JAKARTA: Indonesia swung to a trade surplus in October due to a slower-than-expected drop in exports, despite weak global trade amid the US-China trade war, data from the statistics bureau showed on Friday (Nov 15).
Southeast Asia's largest economy recorded a trade surplus of US$161.3 million in October, the data showed, compared with the median forecast in a Reuters poll for a deficit of US$280 million.
In recent months, Indonesia had been swinging back and forth from posting small deficits to small surpluses. In September, it had a deficit of US$164 million while in August a surplus of US$112 million.
Satria Sambijantoro, economist at Bahana Sekuritas in Jakarta, said the October data looked "impressive" amid sluggish global trade and the protracted US-China trade war.
"Falling exports must be seen in context. Exports had beat consensus forecast for two months in a row, driven by manufacturing exports," he said.

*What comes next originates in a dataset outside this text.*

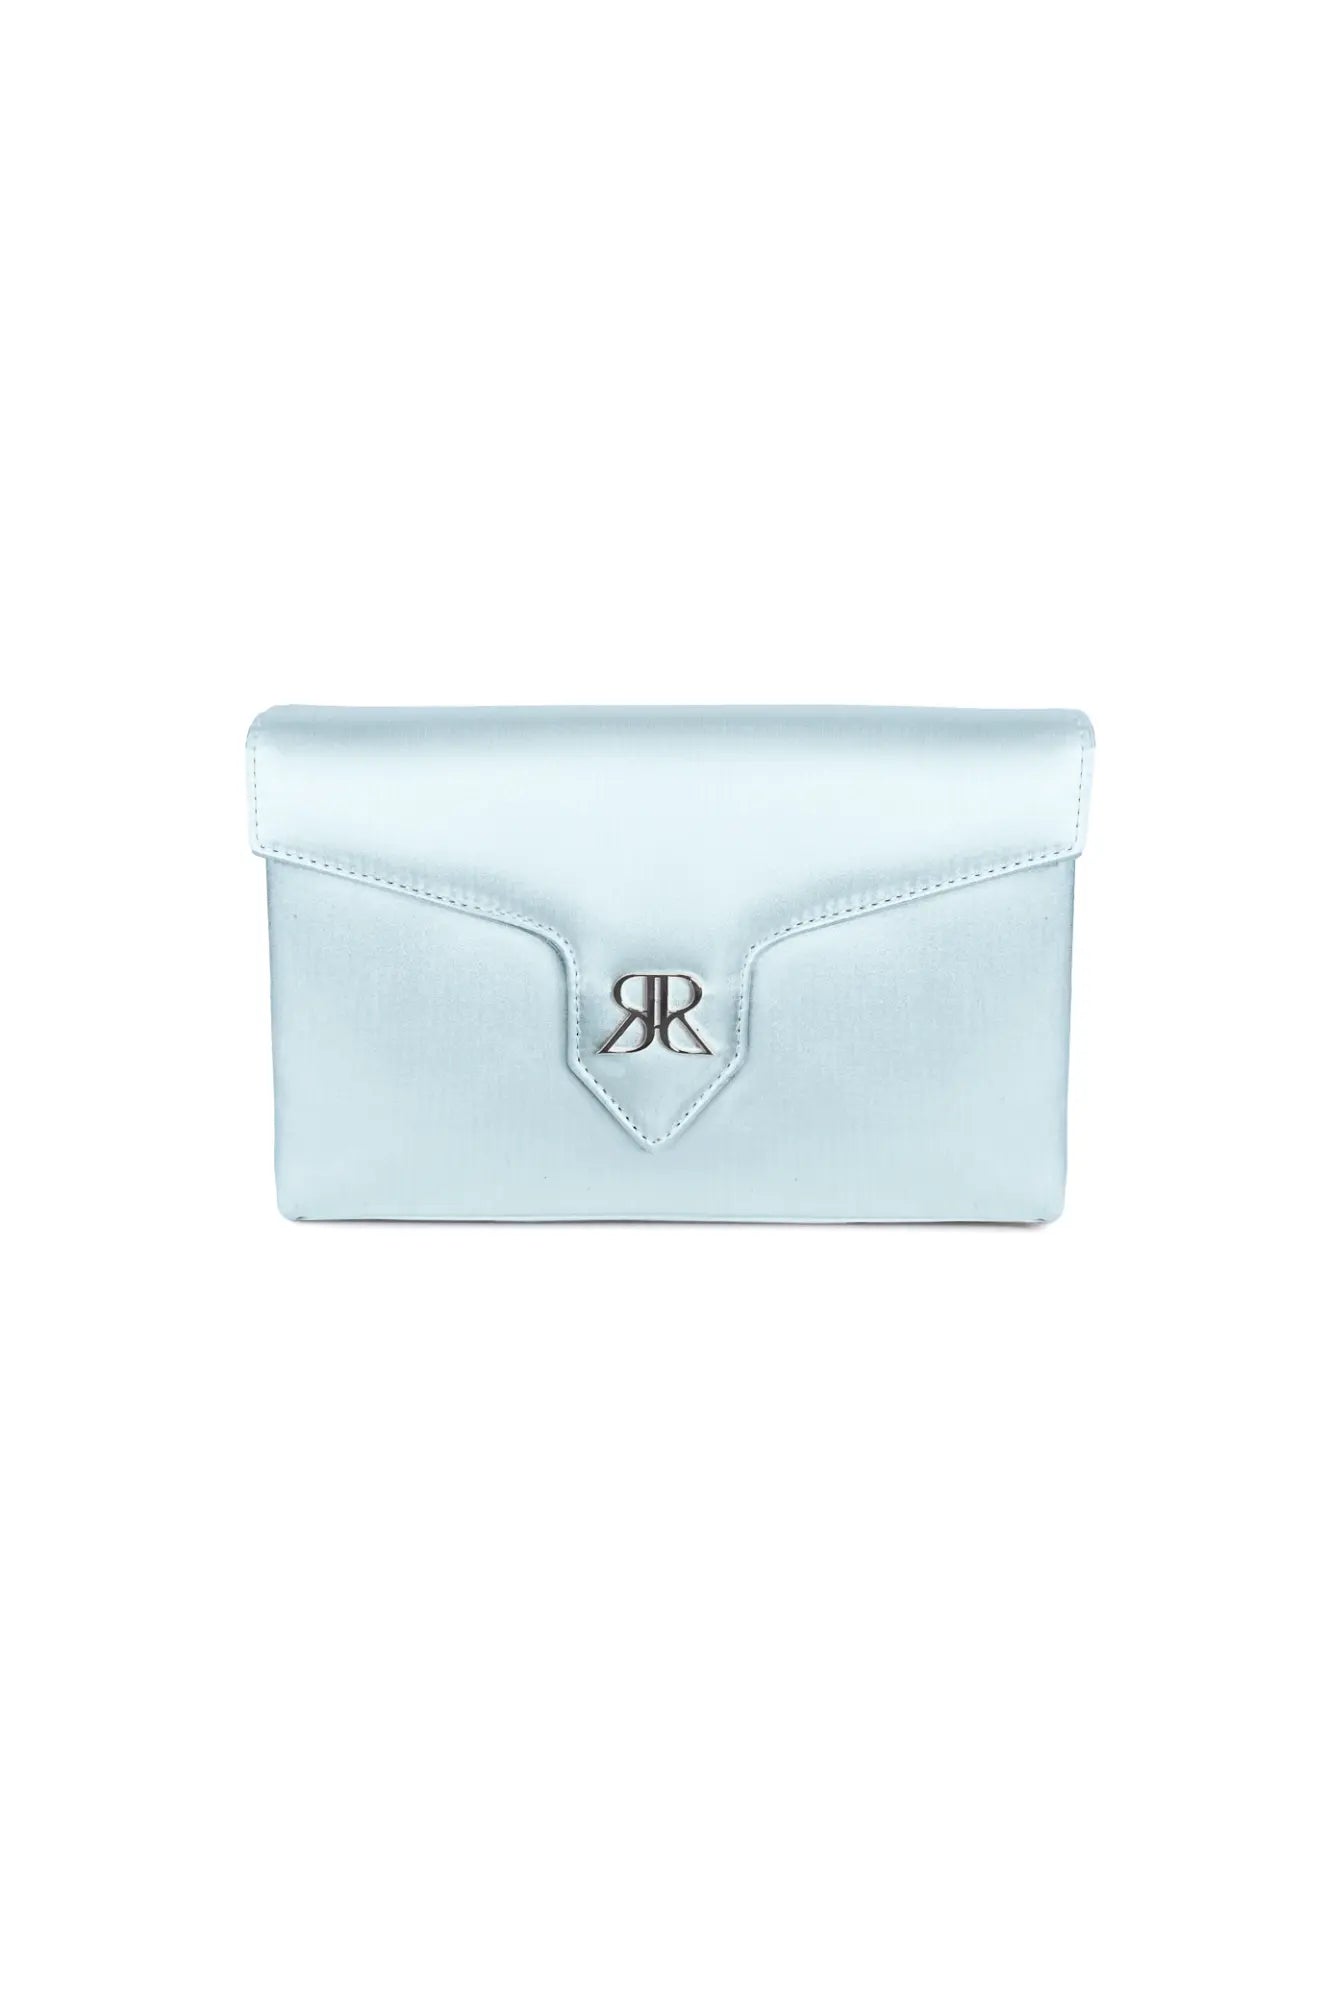 Love Note Envelope Clutch Cinderella Blue from The Bella Rosa Collection, perfect for elegant evenings.

Indonesia's exports in October amounted to US$14.93 billion, down 6.13 per cent on-year. The poll had expected an 8.38 per cent drop in the overall exports.
On a monthly basis, exports rose 6 per cent, driven by a 5 per cent increase in shipments of manufactured goods such as cars and sport shoes.
Meanwhile, October imports dropped 16.39 per cent annually, the sharpest in five months, to US$14.77 billion. The drop was roughly in line with the poll's prediction of a 16 per cent fall.
Authorities in Indonesia have made improving the trade performance a top priority, seeking for ways to boost exports and find import substitutions following last year's record high deficit of US$8.7 billion.
Andry Asmoro, Bank Mandiri's chief economist, said the smaller-than-expected export contraction was more to do with last year's high base figure, rather than any significant impact from the government efforts.
Asmoro said the surprising surplus could mean this year's current account deficit would be smaller than his current forecast of 2.8 per cent of GDP. Last year's deficit was 3 per cent of GDP.
Asmoro said Bank Indonesia (BI), which tracks trade and current account deficits when deciding monetary policy, is unlikely to make a fifth rate cut in next week's policy meeting in response to the trade data.
BI has already brought down its key rate by 100 basis points in four successive cuts since July to try to lift economic growth amid a global slowdown.
BI targets current account deficit at a range of 2.5 per cent to 3 per cent of GDP in 2019 and 2020.
Indonesia had a US$1.79 billion trade deficit in January-October, significantly smaller than the US$5.57 billion gap in the corresponding period last year.